**GIVEN DATA:**

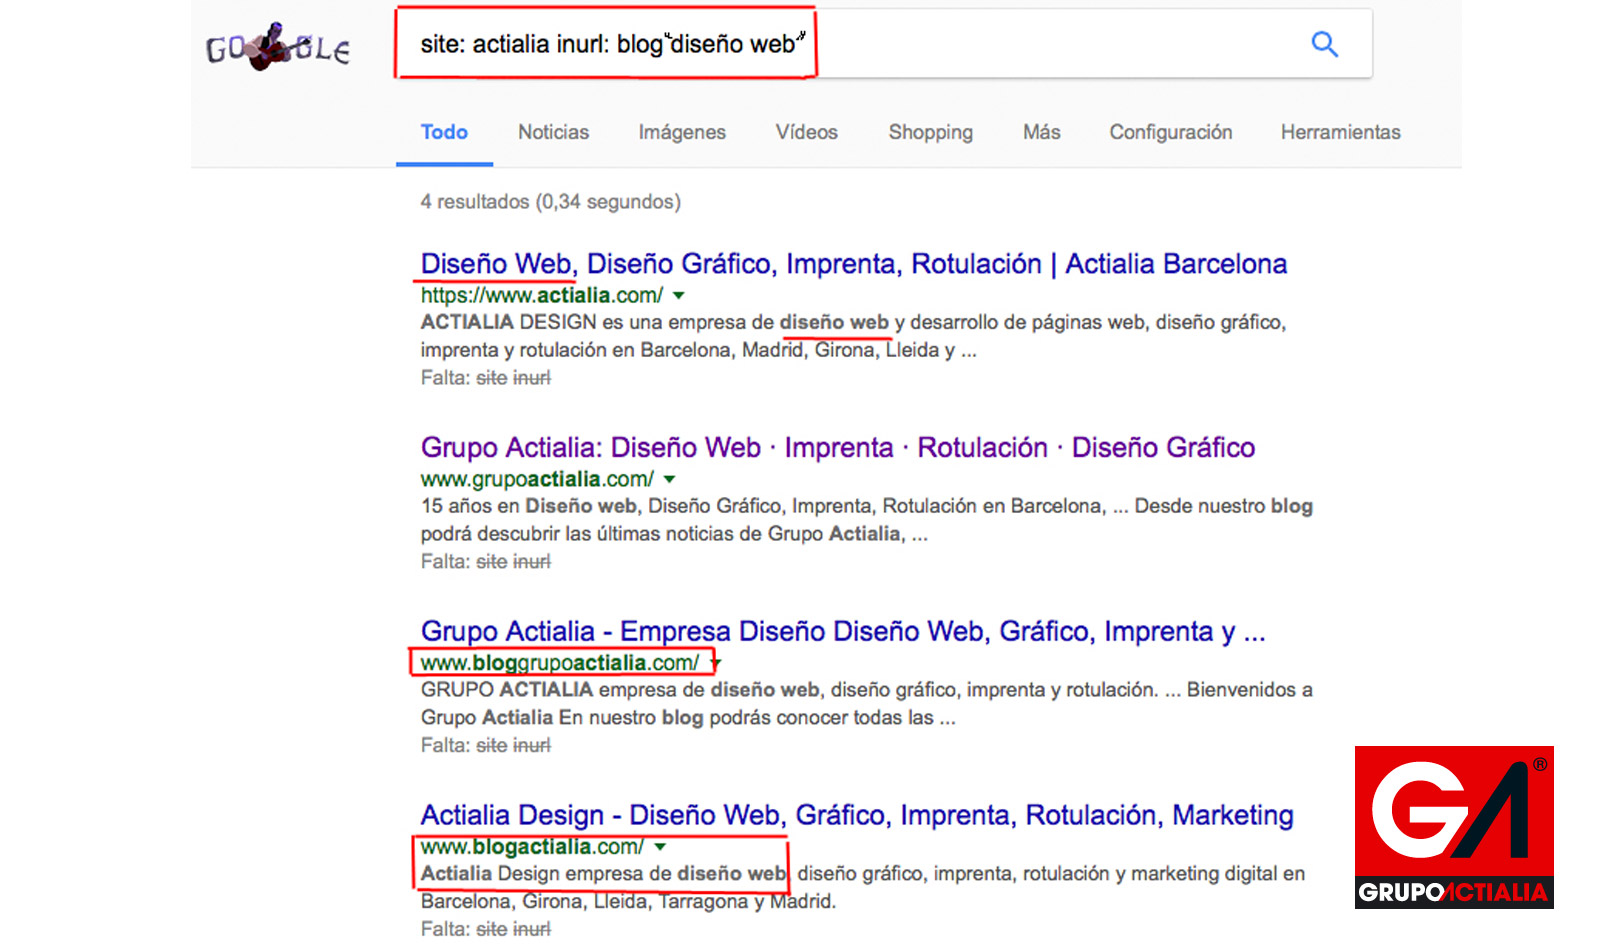 Footprints técnicas avanzadas en google
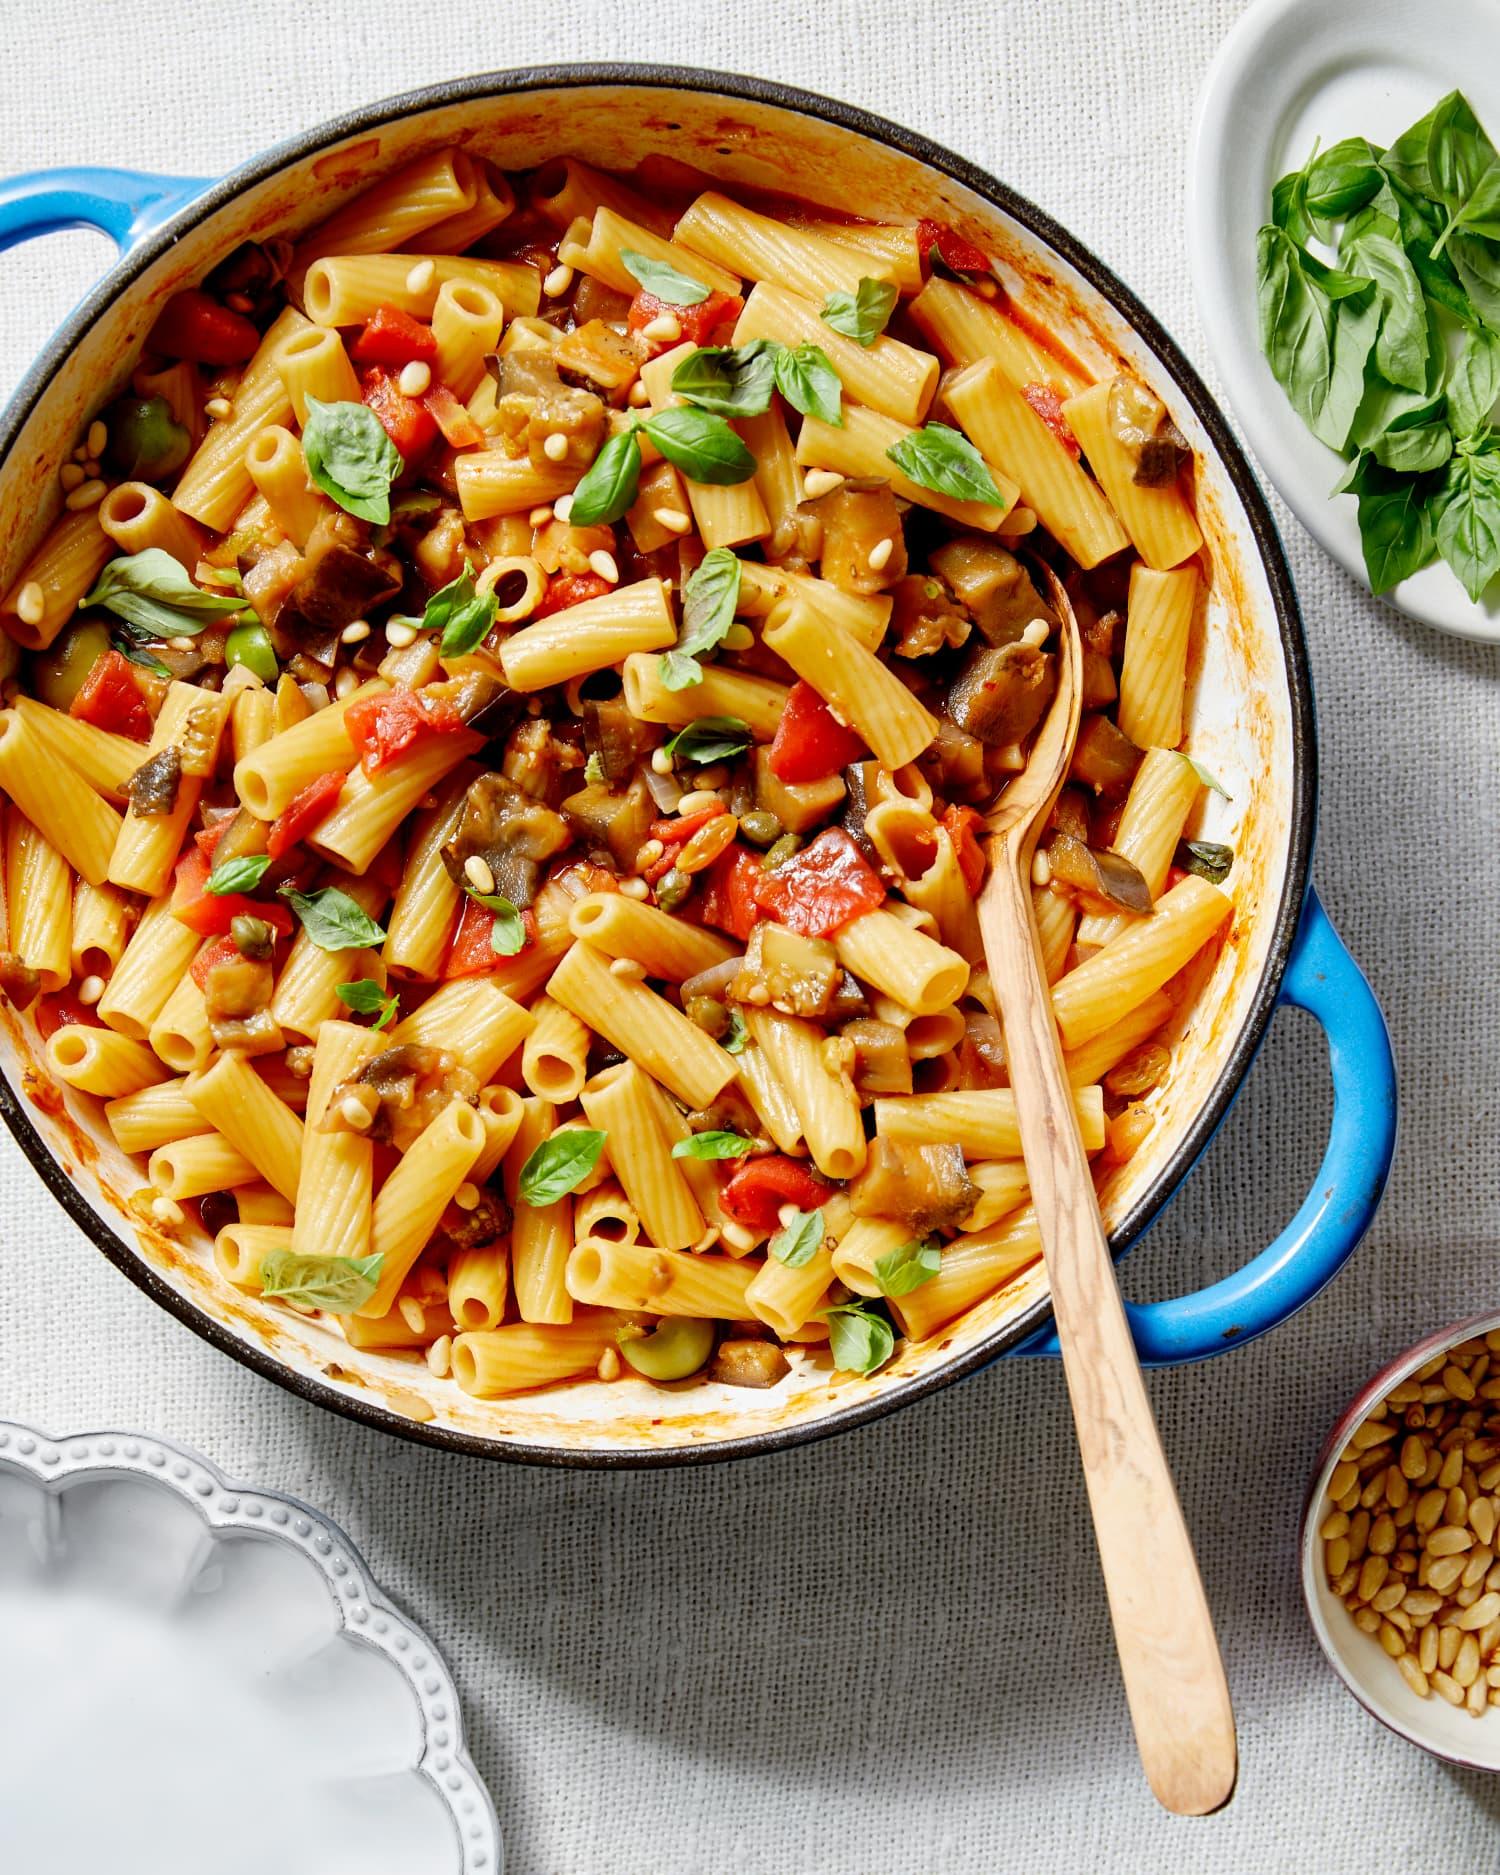 One-Pot Eggplant Caponata Pasta Will Transport You to Sicily
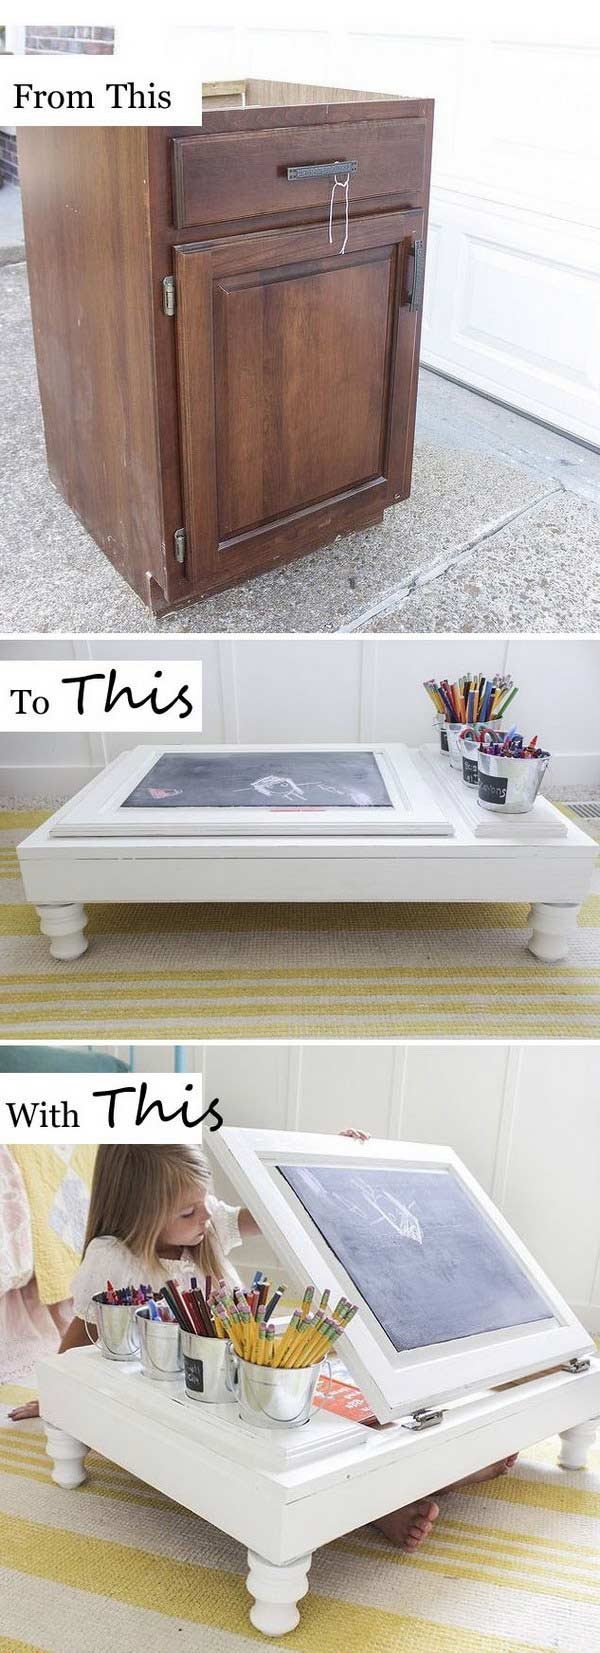 Child's Desk Rebuilt From a Kitchen Cabinet
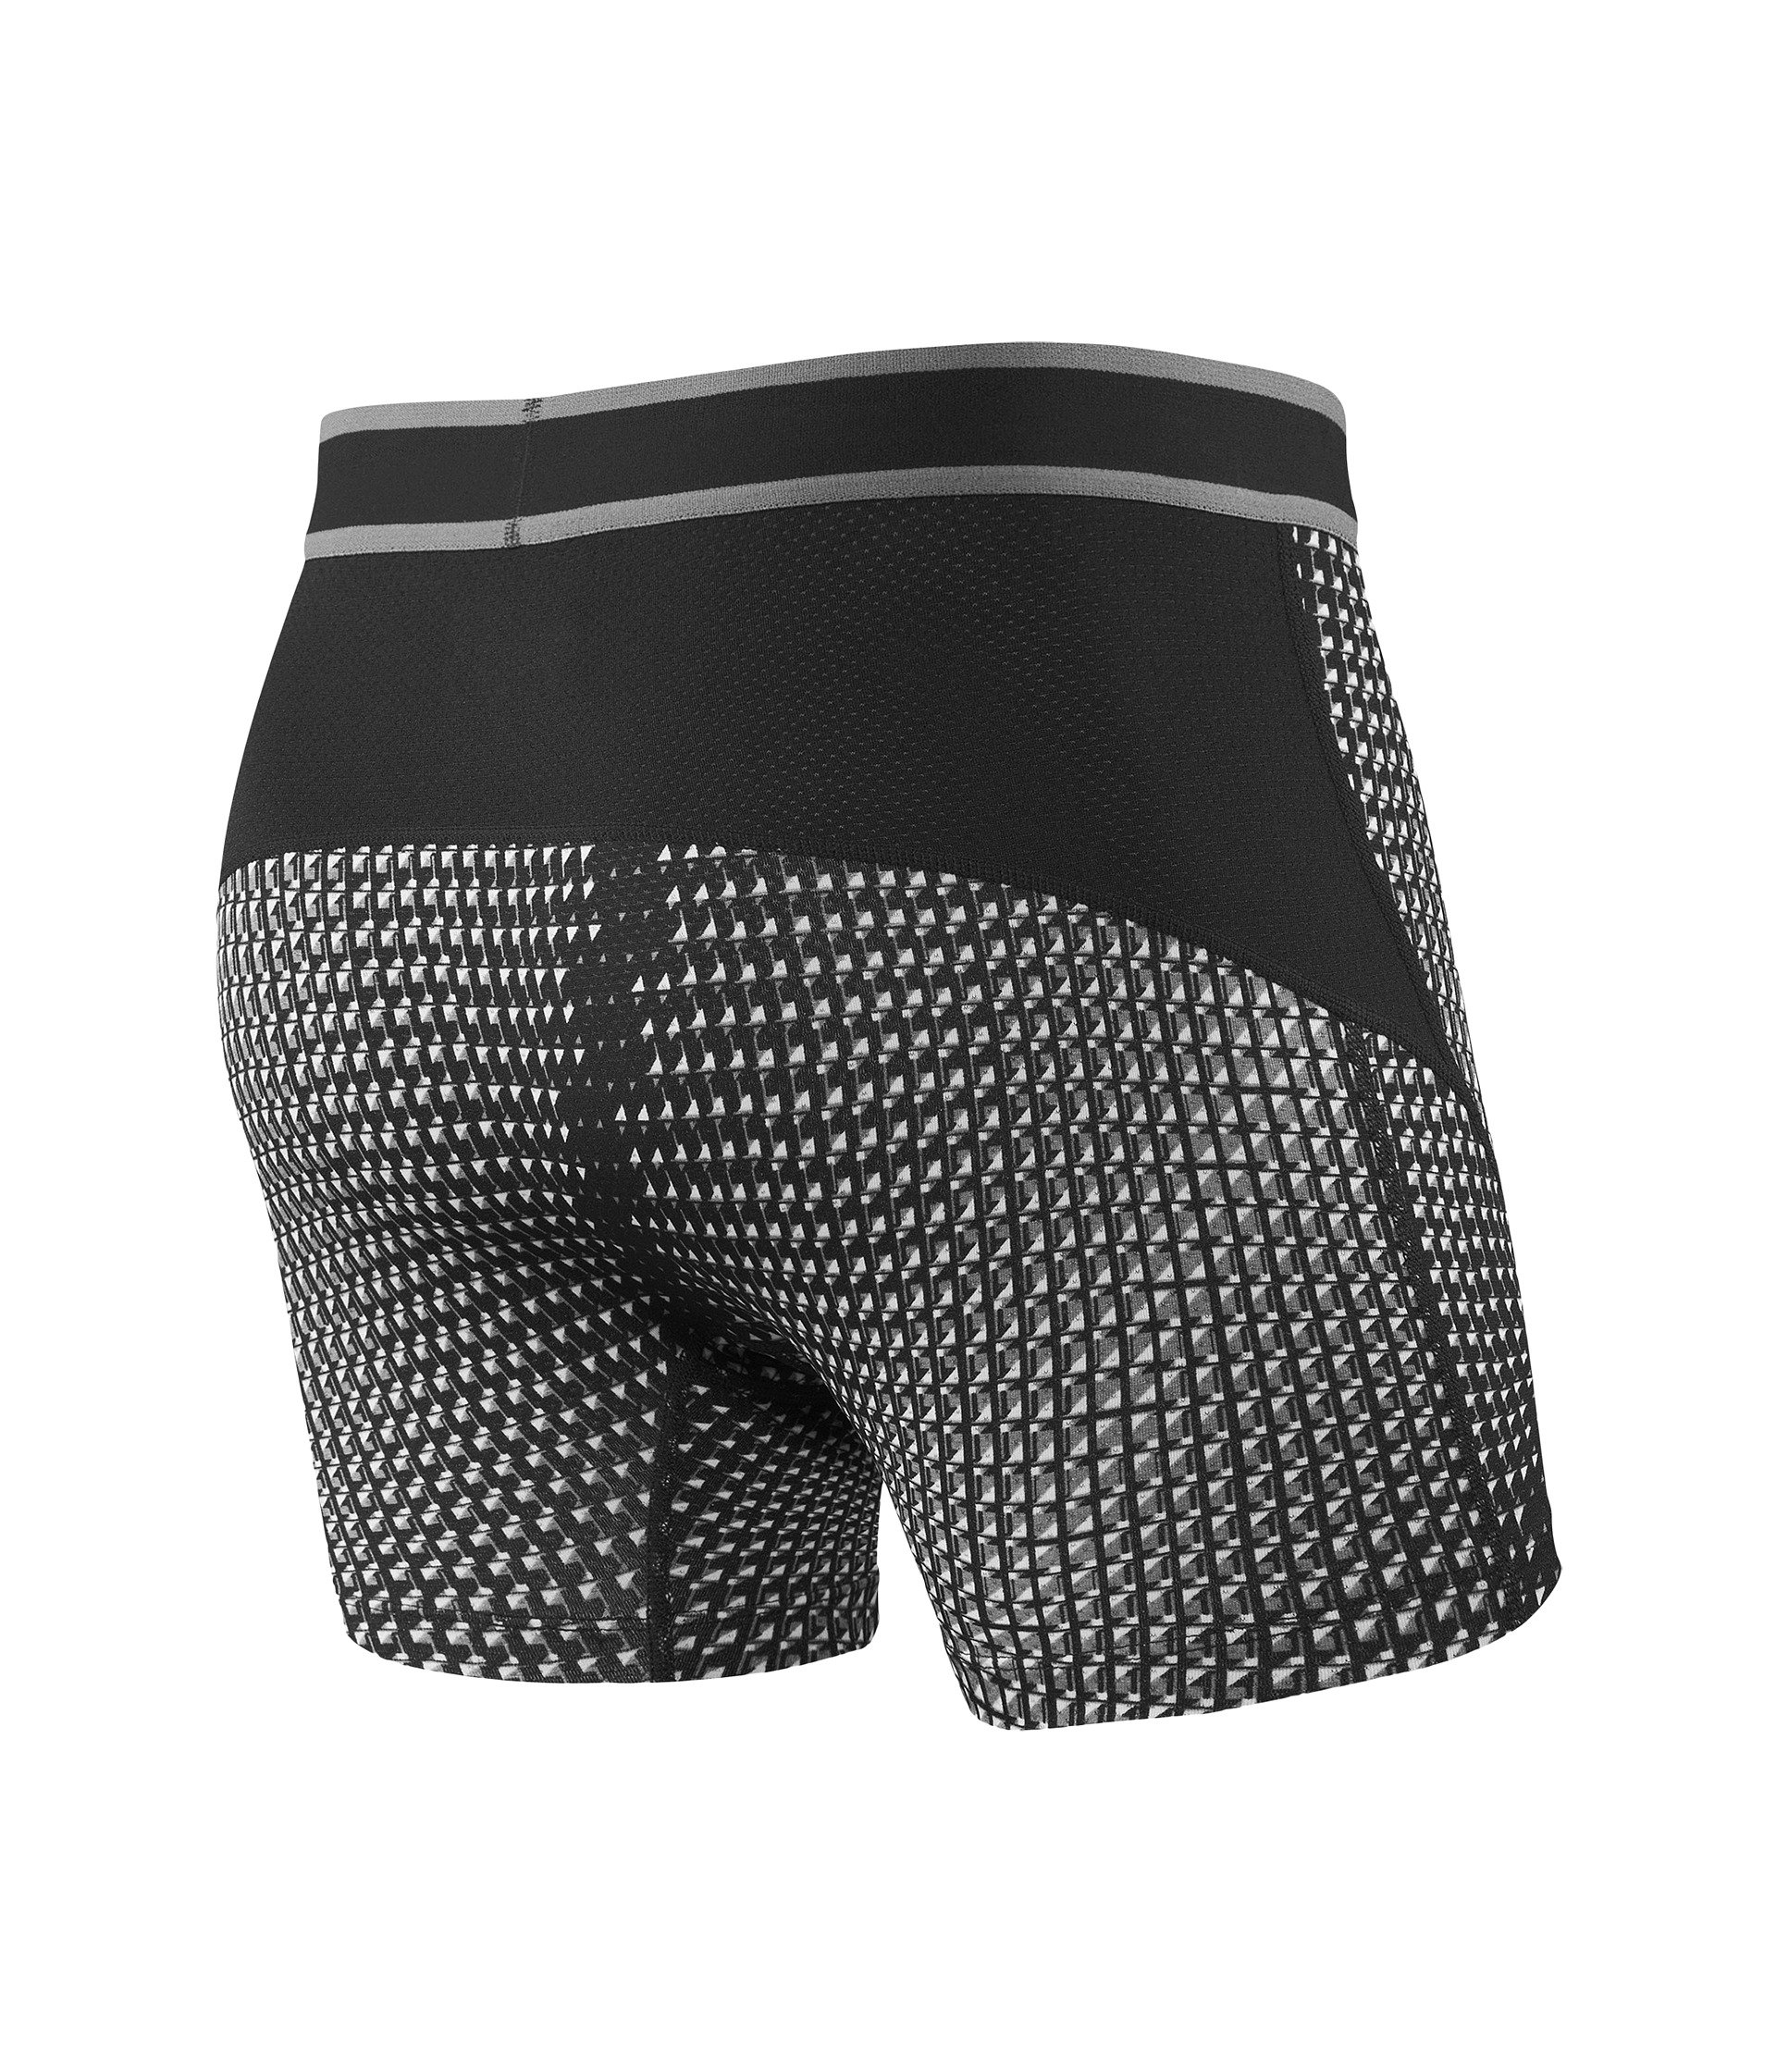 Skyscraper Underwear Kinetic Saxx Grey Boxer wzIAq7

**TO DO:**
Retype the data word for word and keep the pictures out of it.

**ANSWER FOR THE TASK:**
 Footprints técnicas avanzadas en google
 One-Pot Eggplant Caponata Pasta Will Transport You to Sicily
 Child's Desk Rebuilt From a Kitchen Cabinet
 Skyscraper Underwear Kinetic Saxx Grey Boxer wzIAq7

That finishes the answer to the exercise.